The inspector told the court that following a postmortem, a pathologist said the injury to the child was more likely to be non-accidental and that the injuries were “catastrophic”.

There were also reports of someone hearing a child screaming from the house and another child crying.

The court heard Dempsey has three other children in care in the Republic of Ireland and her remaining child here is now under the care of social services.

Objecting to bail, the detective said Armstrong has an “extensive” record of offences against the person and represents a flight risk.

Patrick Fahy, appearing for Armstrong, said his client had given a full, thorough and detailed account of what happened and had contacted emergency services without delay.

Also applying for bail, James Strawbridge of James Strawbridge Solicitors, who is representing Dempsey, said his client has no previous convictions.

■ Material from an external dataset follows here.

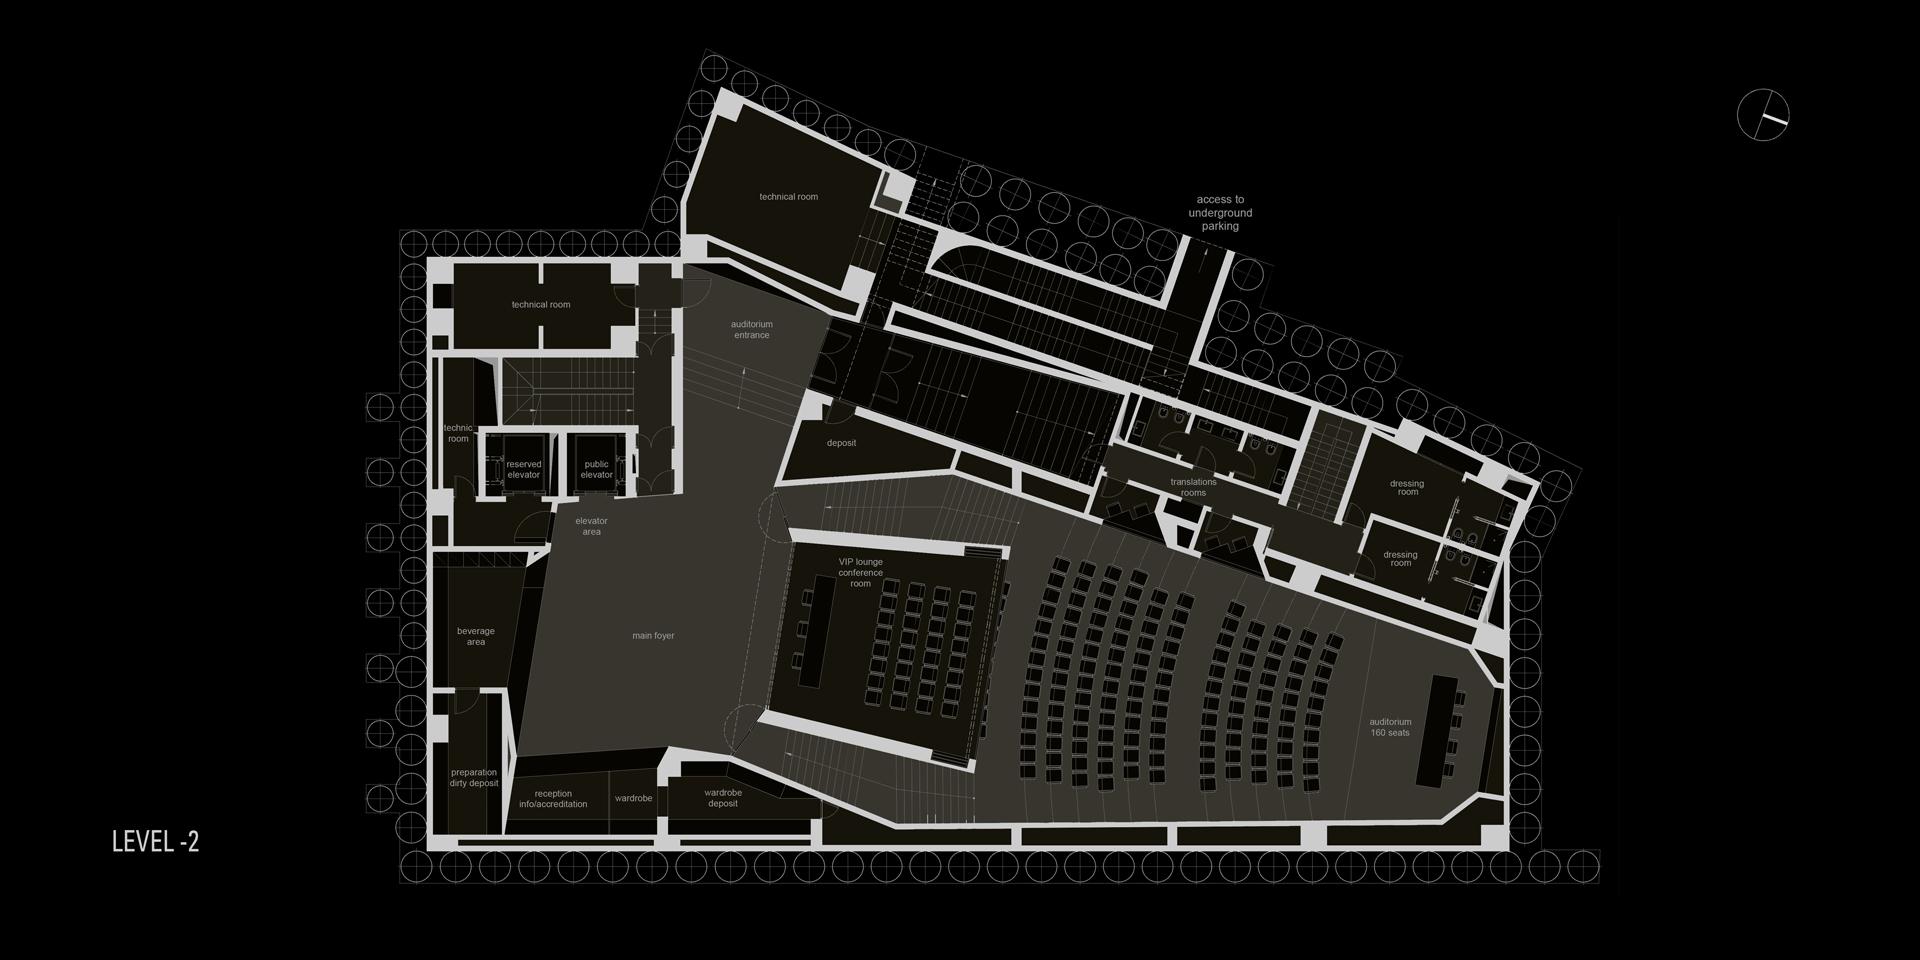 archinow_ADT_auditorium-asset-bank-02

He said she was not at the house when the incident occurred and is a “young, grieving mother”.

He added: “She has had a horrific life and children removed from her care. There will be funeral some time later this week and the mother needs to grieve.”

Judge Bernie Kelly said she did not consider either defendant suitable for bail, saying Dempsey posed a flight risk and that Armstrong has a litany of record for breach of court orders and she did not believe he would adhere to bail conditions.

Both defendants were remanded in custody and are due to appear before Dungannon Magistrates Court on September 1.